Salomi è libera, ma 104 sono nel nulla
Sono passati quasi quattro anni, ma Salomi Pogu è finalmente tornata a casa. La giovane era stata trovata all’inizio di gennaio durante un’offensiva militare dell’esercito nigeriano contro i jihadisti di Boko Haram nella foresta di Sambisa.
È lei l’ultima «Chibok-girl» liberata. Poco prima di Salomi, a novembre del 2016, i militari avevano salvato anche Maryam Ali Maiyanga insieme ad Ali, il figlio di 10 mesi. «Il desiderio di ogni nostro soldato è di liberare tutte le li- ceali di Chibok», ha dichiarato il generale nigeriano Rogers Nicholas, a capo dell’operazione “Lafiya Dole” (Pace ad ogni costo, nella lingua hausa,
ndr) lanciata per «cacciare i jihadisti dal nord-est del Paese ». Ad oggi, però, 104 studentesse di Chibok rimangono ancora prigioniere. Quelle che dopo anni sono invece riuscite a riabbracciare i propri genitori hanno passato un intenso programma di riabilitazione fisica e mentale prima di essere nuovamente integrate nella società. Altre sono purtroppo ritornate dai jihadisti. «La riabilitazione è un lungo percorso, complicato dal fatto che la guerra è ancora in atto – ha spiegato recentemente Akilu, a capo della Neem foundation, incaricata di supervisionare il programma –. Essere ancora una volta accettate nella vita normale è un’impresa che può durare anni».
Era il 14 aprile del 2014 quando i ribelli attaccarono nella notte una scuola di Chibok, costringendo 276 liceali a salire sui loro mezzi. Mentre molte sono scappate, circa 210 di esse sono state trasportate con forza nella foresta. Il rapimento di massa ha provocato l’indignazione della comunità internazionale che, insieme all’ex First Lady statunitense, Michelle Obama, ha aderito sul Web alla campagna «Bring back our girls» (Riportate indietro le nostre ragazze).
Lo scorso maggio, il presidente nigeriano, Muhammadu Buhari, aveva incontrato 82 studentesse liberate. Le giovani avevano però subito un devastante lavaggio del cervello durante la prigionia. Alcune, invece, avevano sposato vari insorti della setta jihadista. «Aisha Yerima, 25 anni, era diventata moglie del comandante ribelle, Mamman Nur – ha raccontato l’anno scorso la scrittrice nigeriana, Adaobi Tricia Nwaubani –. Lei è tornata subito da lui sebbene fosse stata liberata e avesse partecipato al programma di reintegrazione».
Secondo gli esperti, sono «almeno 145 le bambine o ragazze utilizzate da Boko Haram come bombe-umane». La più piccola aveva 7 anni. Si è fatta esplodere a febbraio del 2015 nella località settentrionale di Potiskum uccidendo altre cinque persone.

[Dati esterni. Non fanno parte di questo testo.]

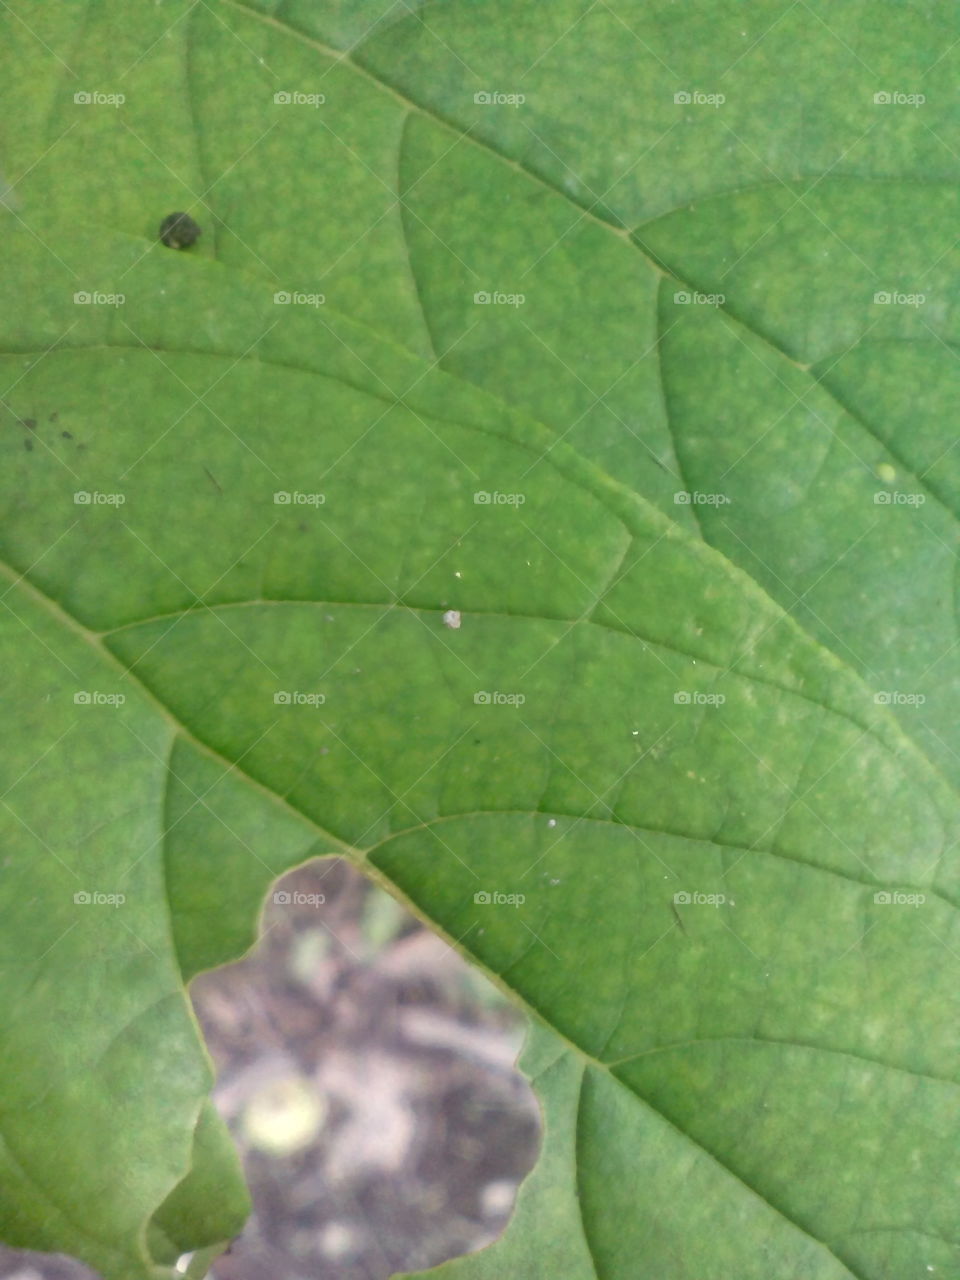 leaf foap!!!

L’imprendibile capo Shekau «fatto scappare dai militari»
Secondo le ultime informazioni, Abubakar Shekau (nella foto) è fuggito settimana scorsa dal suo nascondiglio coperto da un hijab, l’abito femminile islamico. Il capo della principale fazione di Boko Haram sembra infatti avere molte vite. L’esercito nigeriano l’ha dichiarato «morto» almeno quattro volte, per poi ritrovarselo davanti a una telecamera vivo e ancora più arrabbiato di prima.
Shekau, conosciuto anche con il nome di Darul Tawheed, ha iniziato la lotta armata con Boko Haram nel 2002, come vice del defunto fondatore, Mohammed Yusuf. In seguito all’uccisione di quest’ultimo nel 2009, Shekau ha preso il potere e ha intensificato l’offensiva jihdista. «Le autorità lo accusano di rapimenti, attentati suicidi, massacri, distruzione di edifici e altro – affermano gli analisti dell’intelligence –.
Nessuno sembra però capace di catturarlo». L’emittente inglese, “Bbc”, ha invece intervistato un militare nigeriano che ha dichiarato di come al suo plotone, «giunto molto vicino a Shekau», sia stato ordinato di non arrestarlo. Durante il 2015, il leader jihadista ha giurato fedeltà al Daesh, sebbene sia stato poi sconfessato dallo stesso gruppo nel 2016 a causa dei suoi numerosi attentati contro civili innocenti. E proprio da allora sarebbero iniziate le prime forti divisioni all’interno del gruppo di ribelli ora frammentato in diverse fazioni.